**YOUR OBJECTIVE:** The answer must restate the listing word for word, without its images.

**RECORDED INFORMATION:**
§
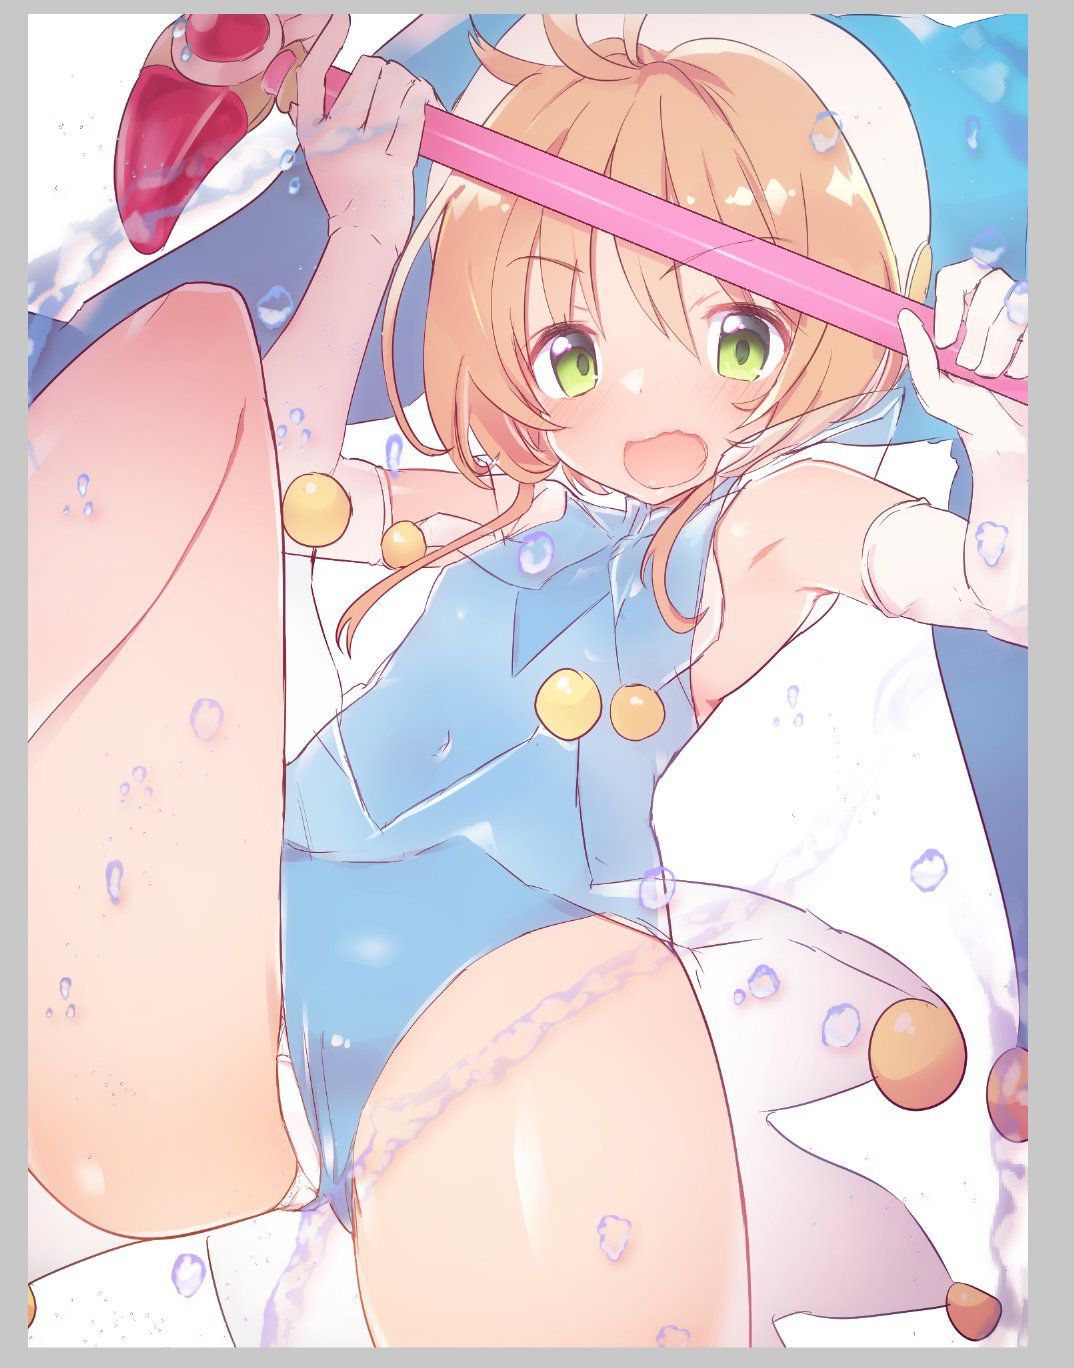 You want to see a naughty picture of card captor Sakura? 12
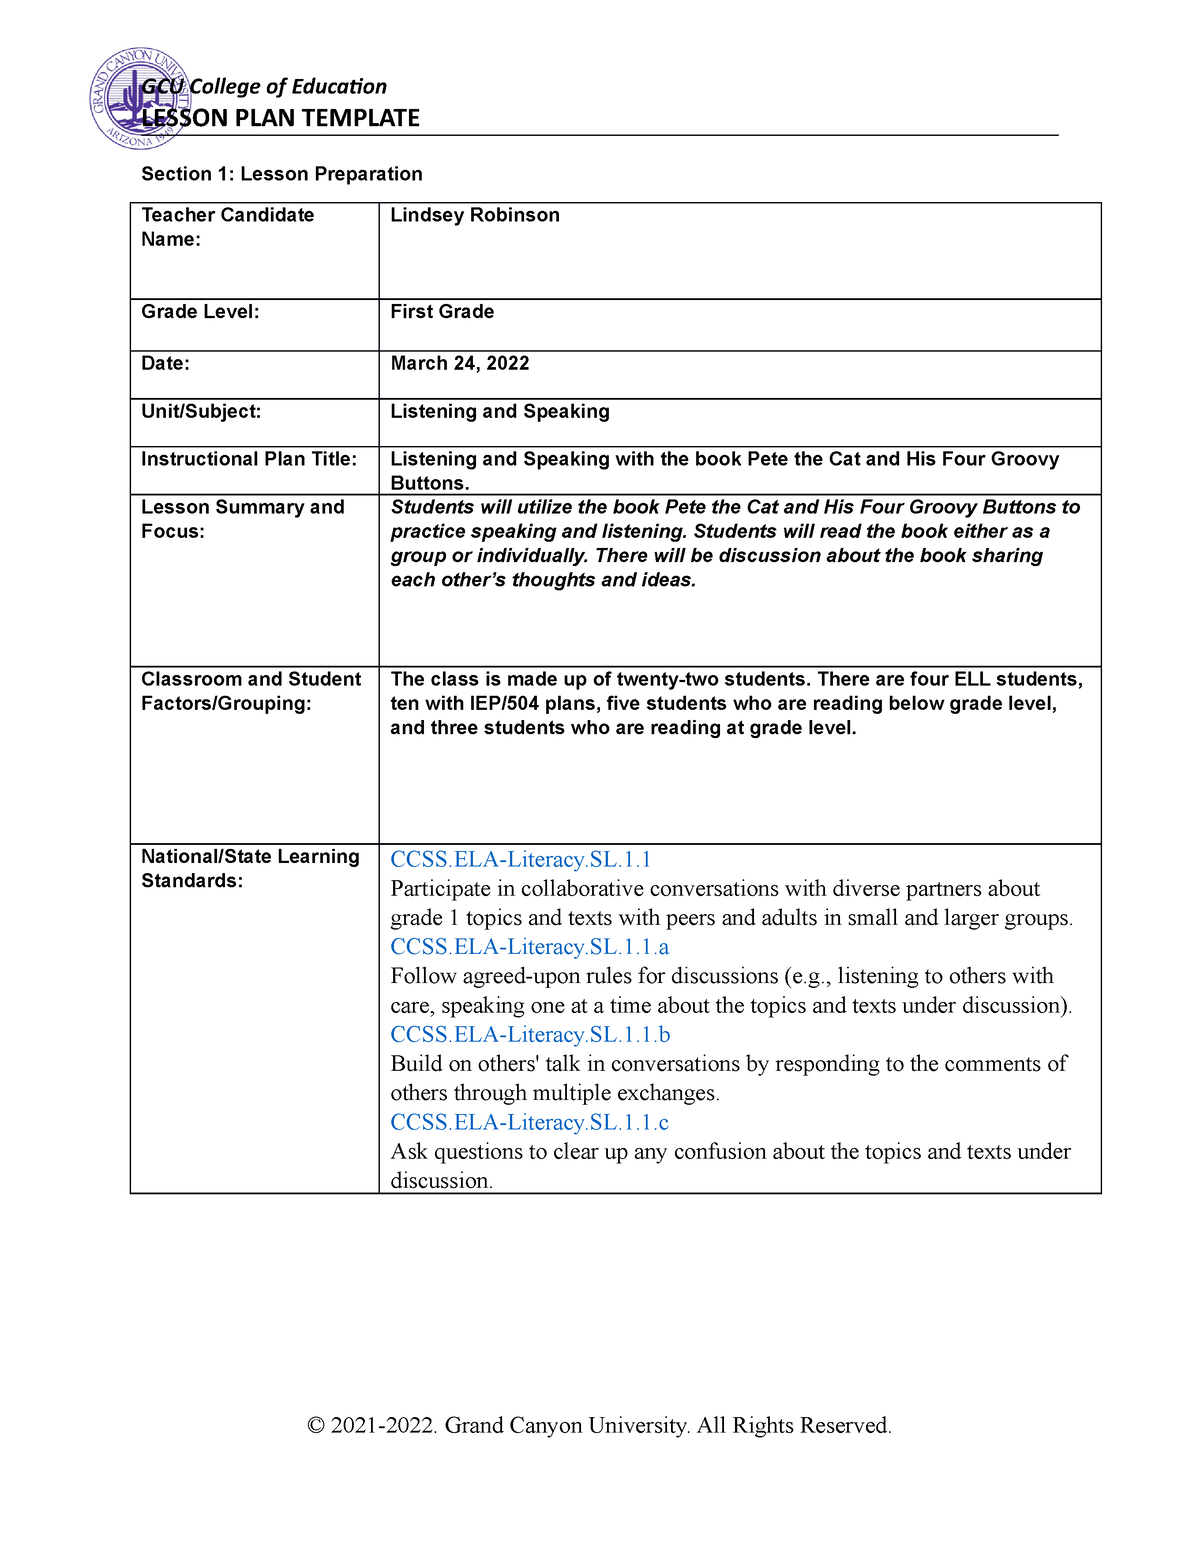 Coe lesson plan template LESSON PLAN TEMPLATE Section 1 Lesson
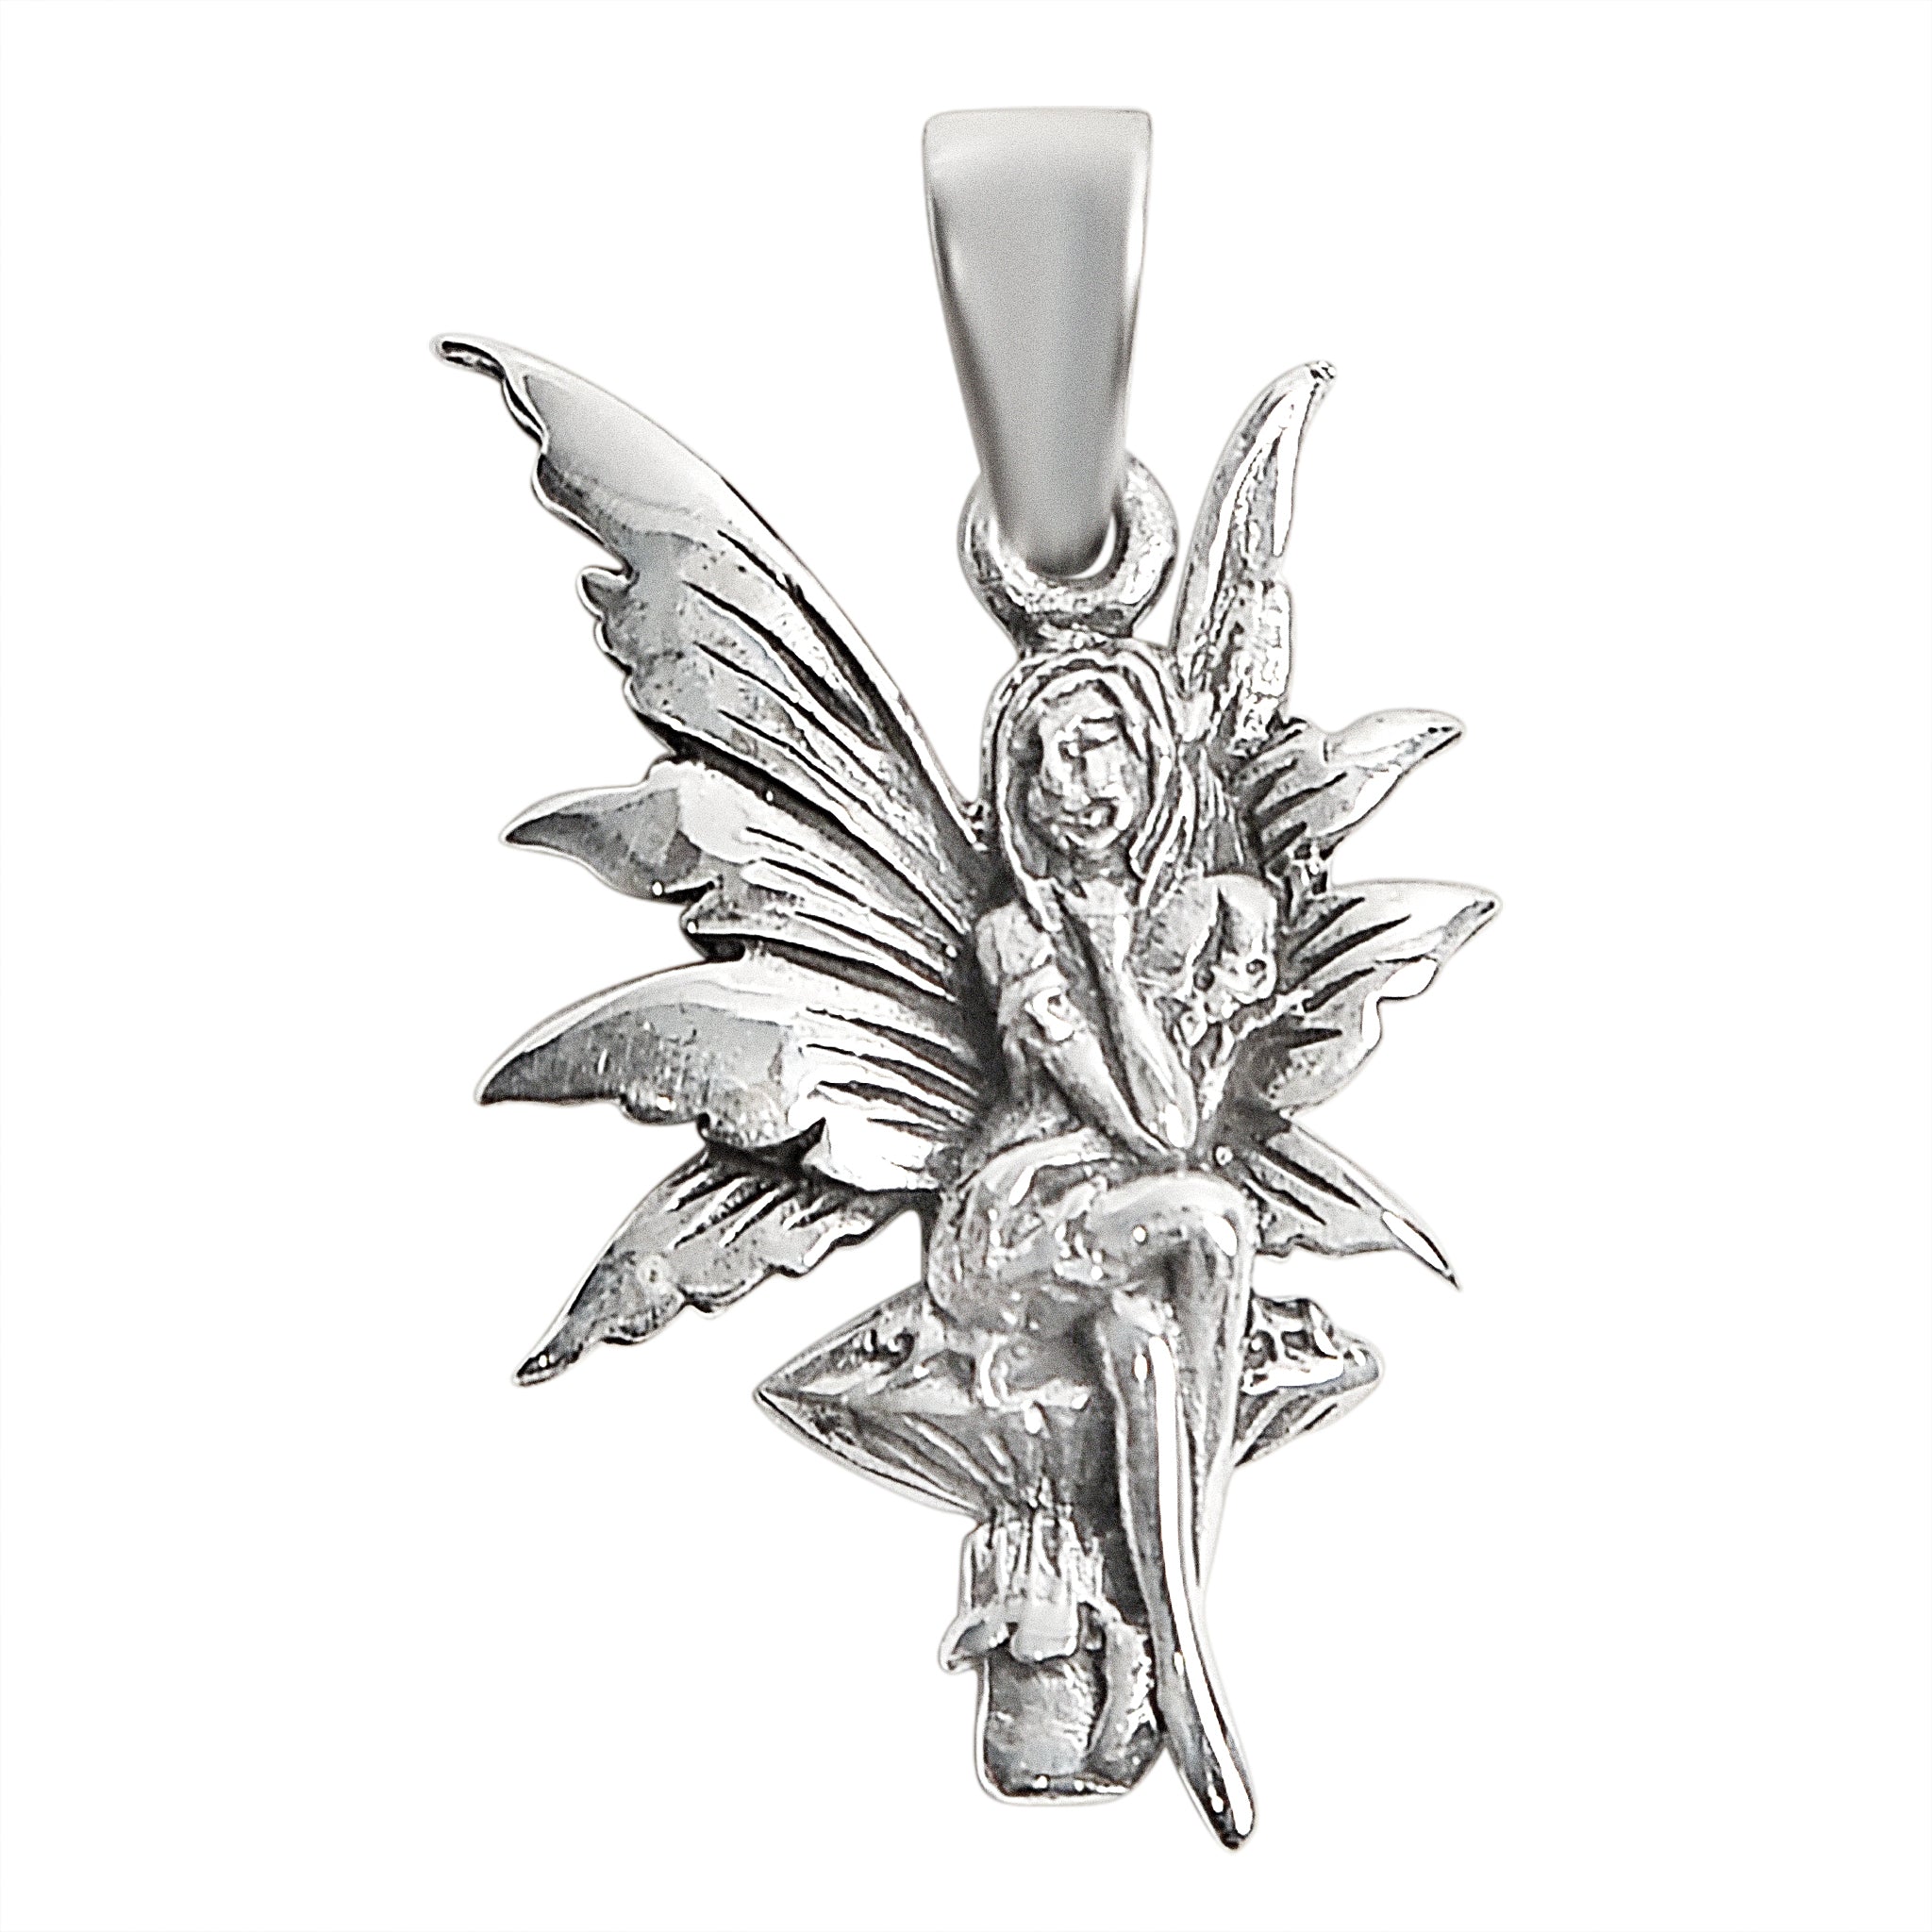 Sterling Silver Fairy on Mushroom Pendant / SSP0165-sterling silver pendant- .925 sterling silver pendant- Black Friday Gift- silver pendant- necklace pendant
§
**RESULT BELOW:**
 You want to see a naughty picture of card captor Sakura? 12
 Coe lesson plan template LESSON PLAN TEMPLATE Section 1 Lesson
 Sterling Silver Fairy on Mushroom Pendant / SSP0165-sterling silver pendant- .925 sterling silver pendant- Black Friday Gift- silver pendant- necklace pendant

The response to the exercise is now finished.